### Information shown

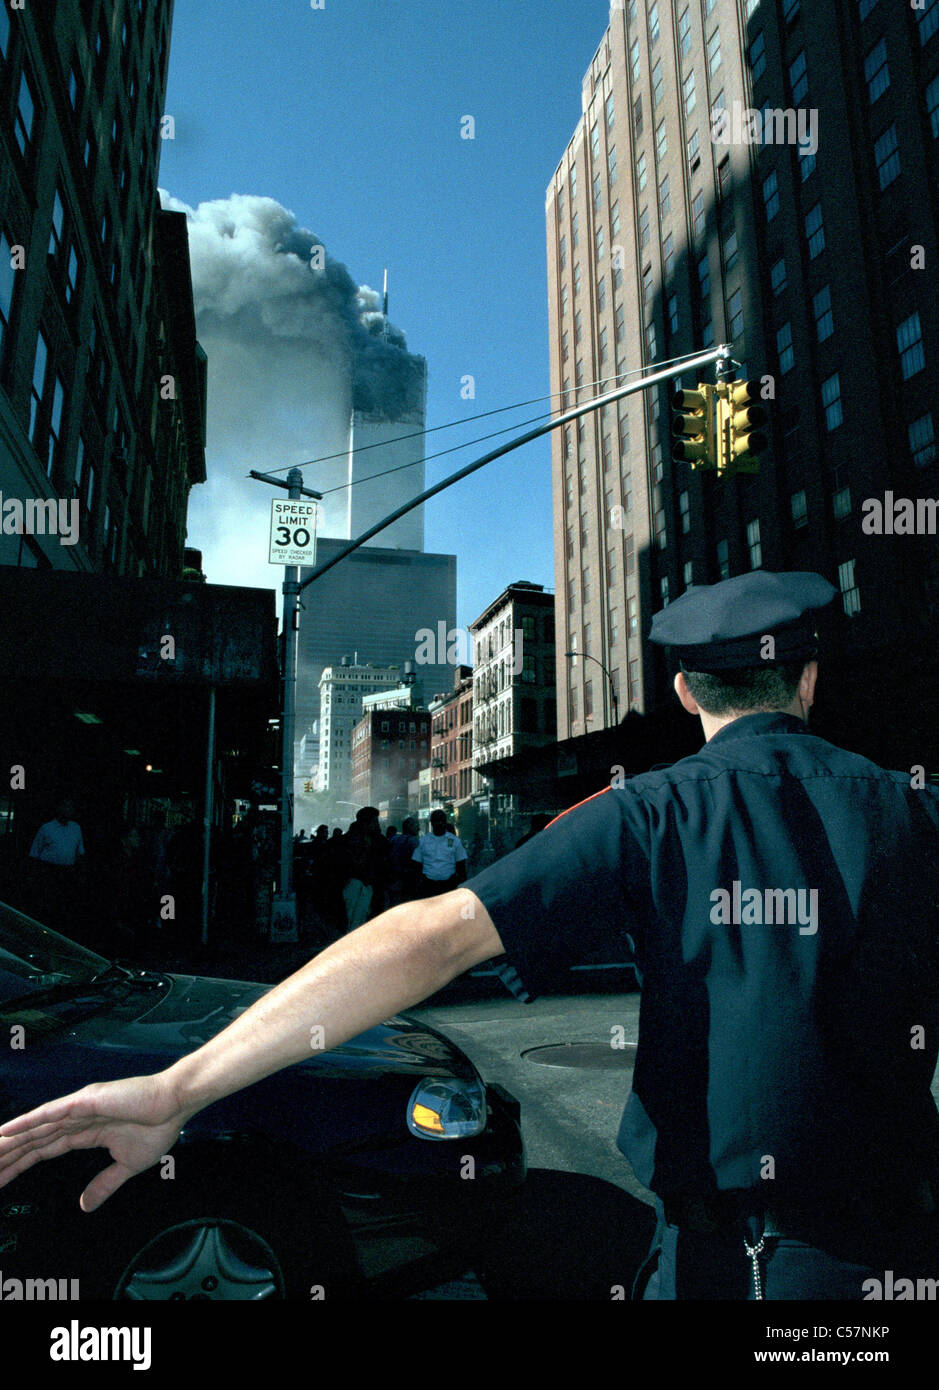 World Trade Center fire/ terrorism September 11, 2001. Police officer directs traffic. (© Frances M. Roberts) Stock Photo
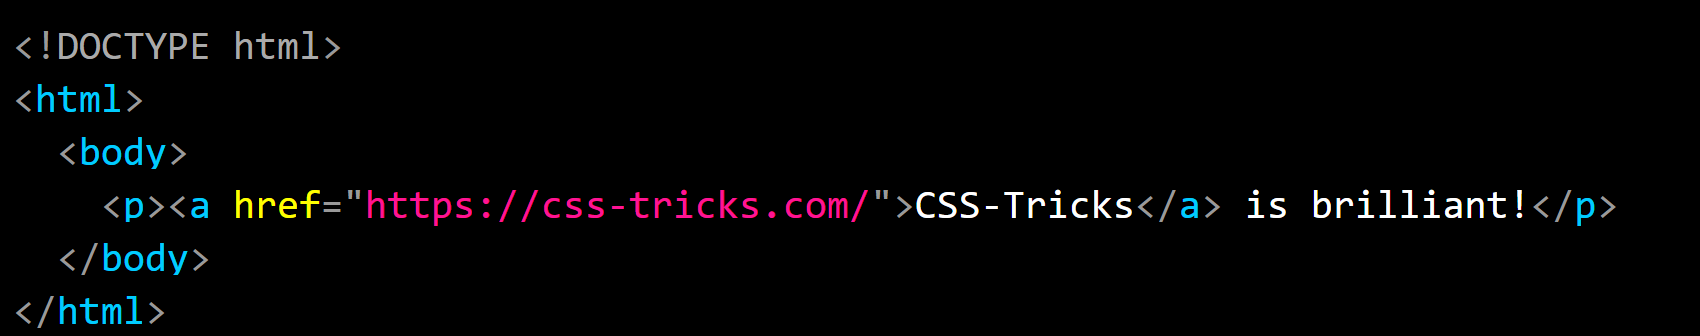 Showing the basic HTML document boilerplate with syntax highlighting on a black background. The body element contains the markup yo a paragraph that contains a link that says "CSS-Tricks is brilliant!"
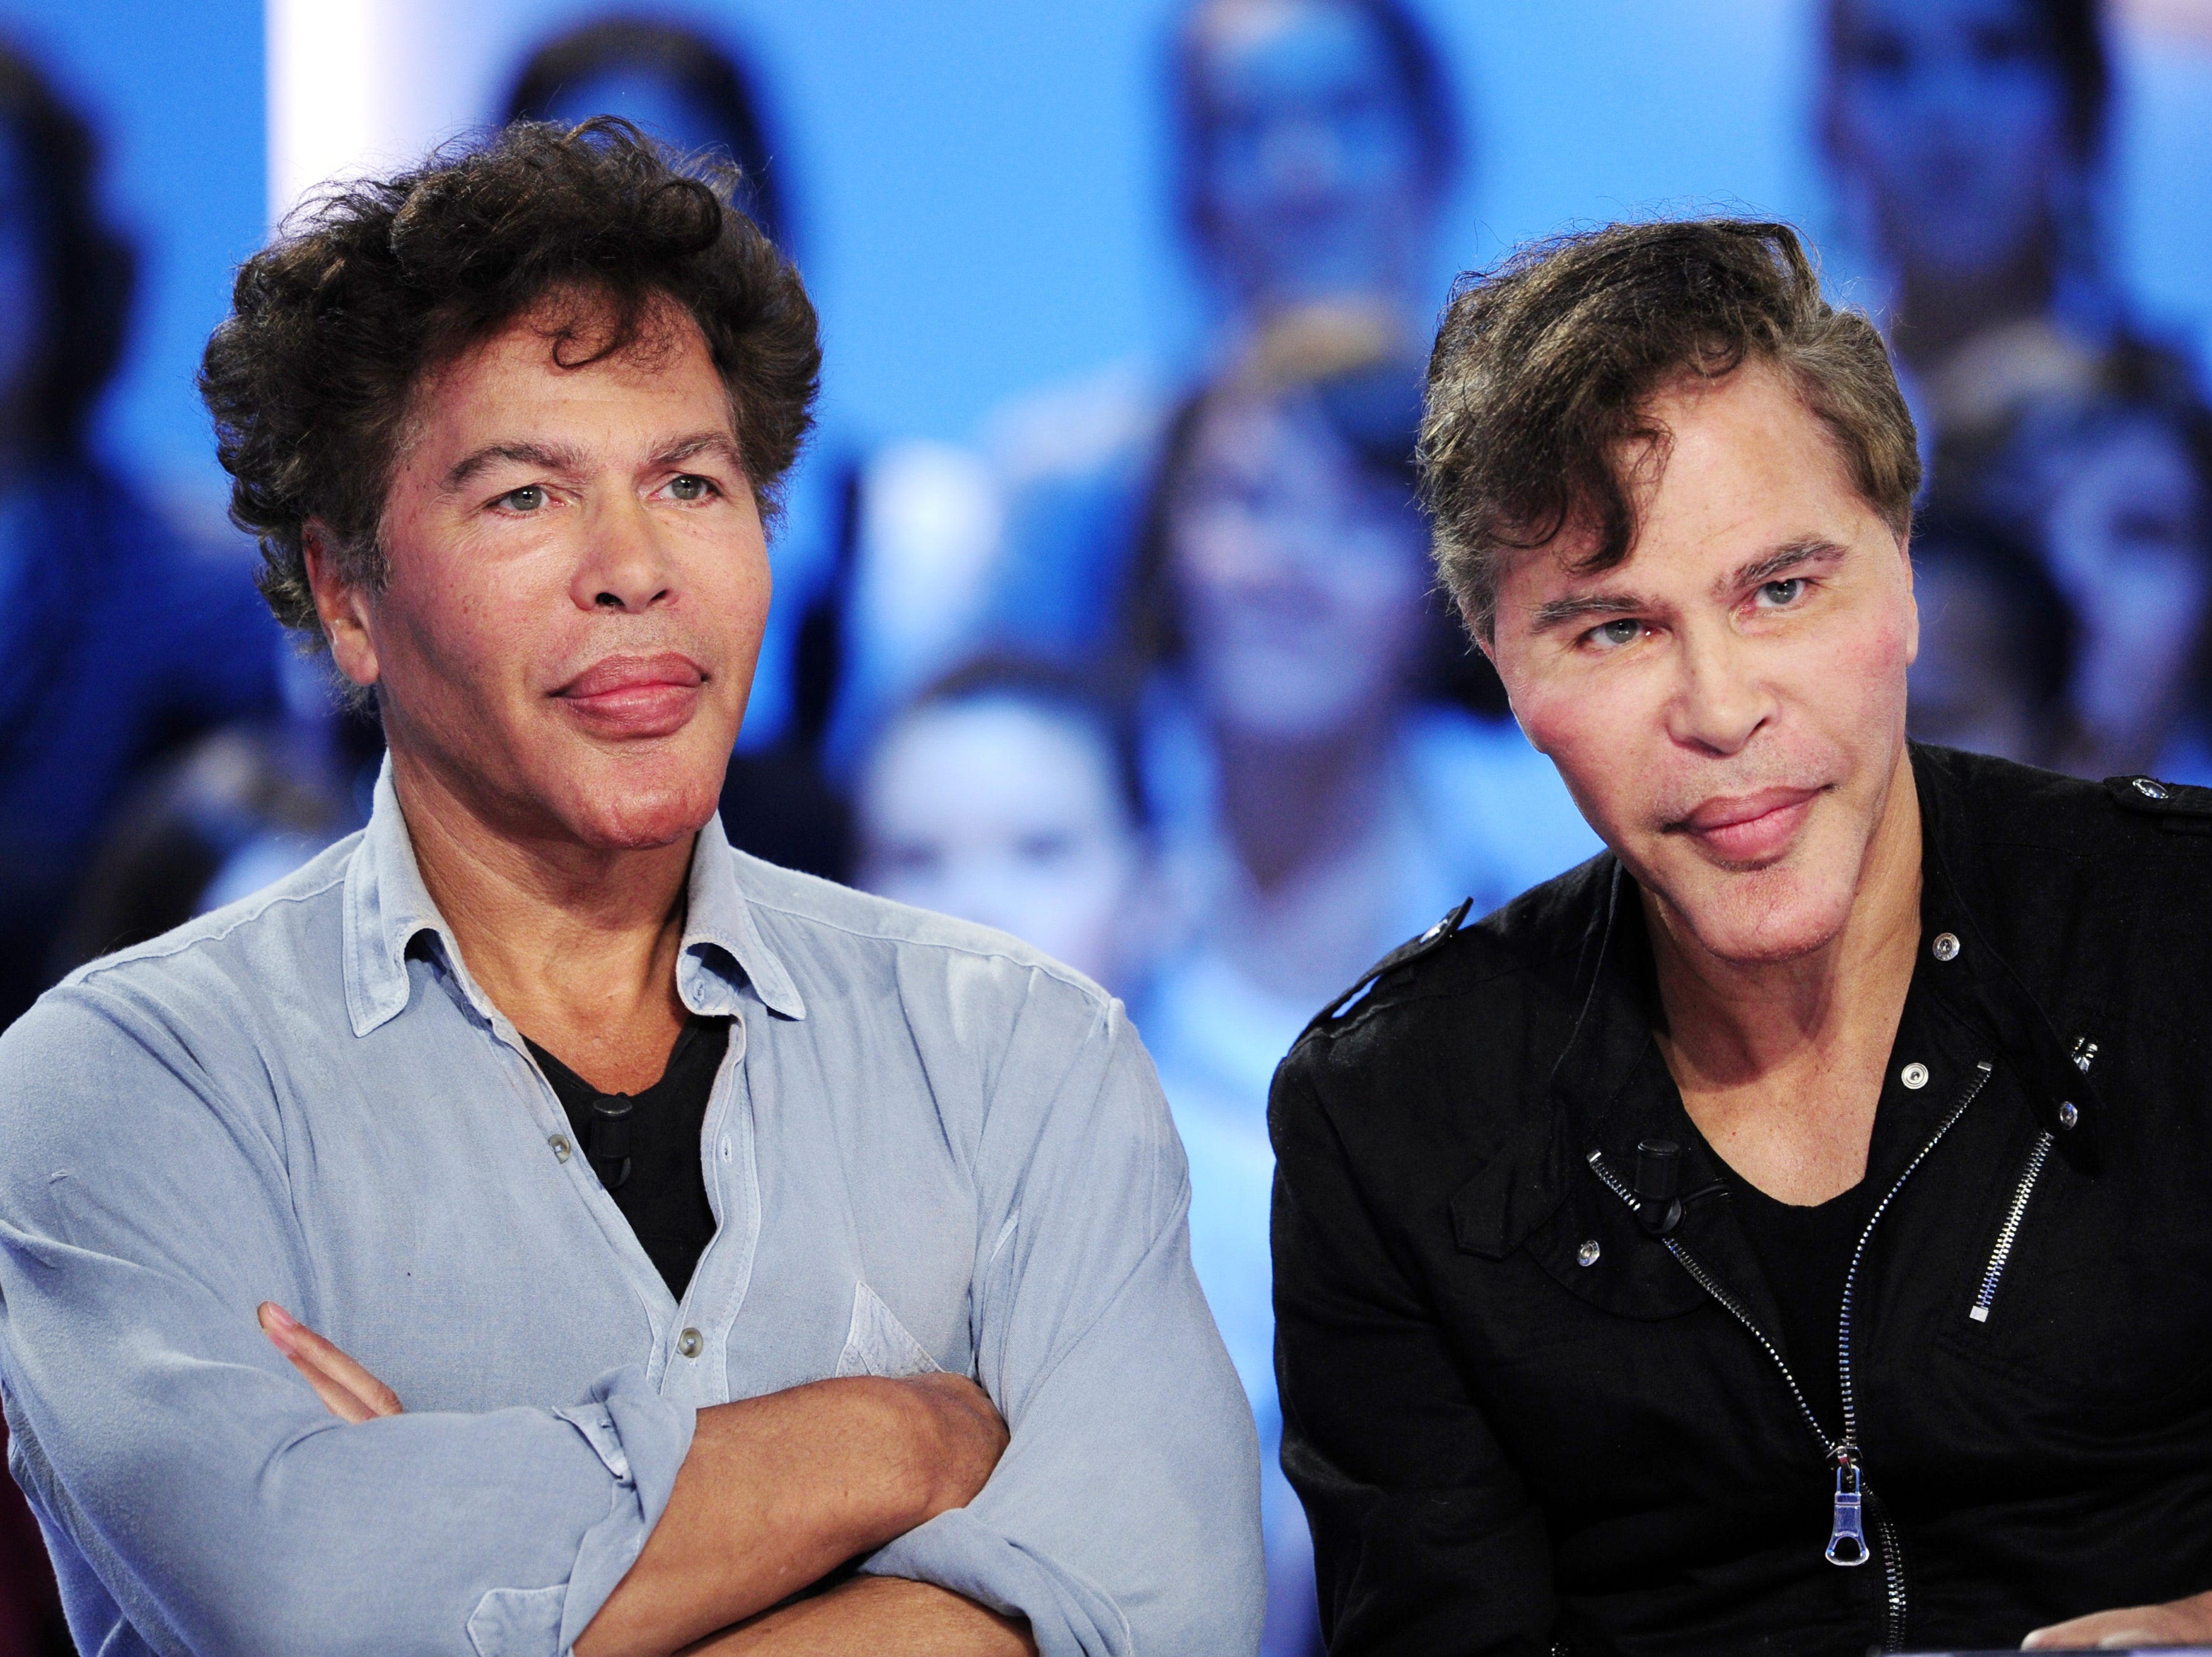 Igor and Grichka Bogdanoff on French television on 20 October 2010 in Paris, France

### Exercise prompt
Word for word, return the listing above; the pictures do not belong in the copy.

### Response for this exercise
 World Trade Center fire/ terrorism September 11, 2001. Police officer directs traffic. (© Frances M. Roberts) Stock Photo
 Showing the basic HTML document boilerplate with syntax highlighting on a black background. The body element contains the markup yo a paragraph that contains a link that says "CSS-Tricks is brilliant!"
 Igor and Grichka Bogdanoff on French television on 20 October 2010 in Paris, France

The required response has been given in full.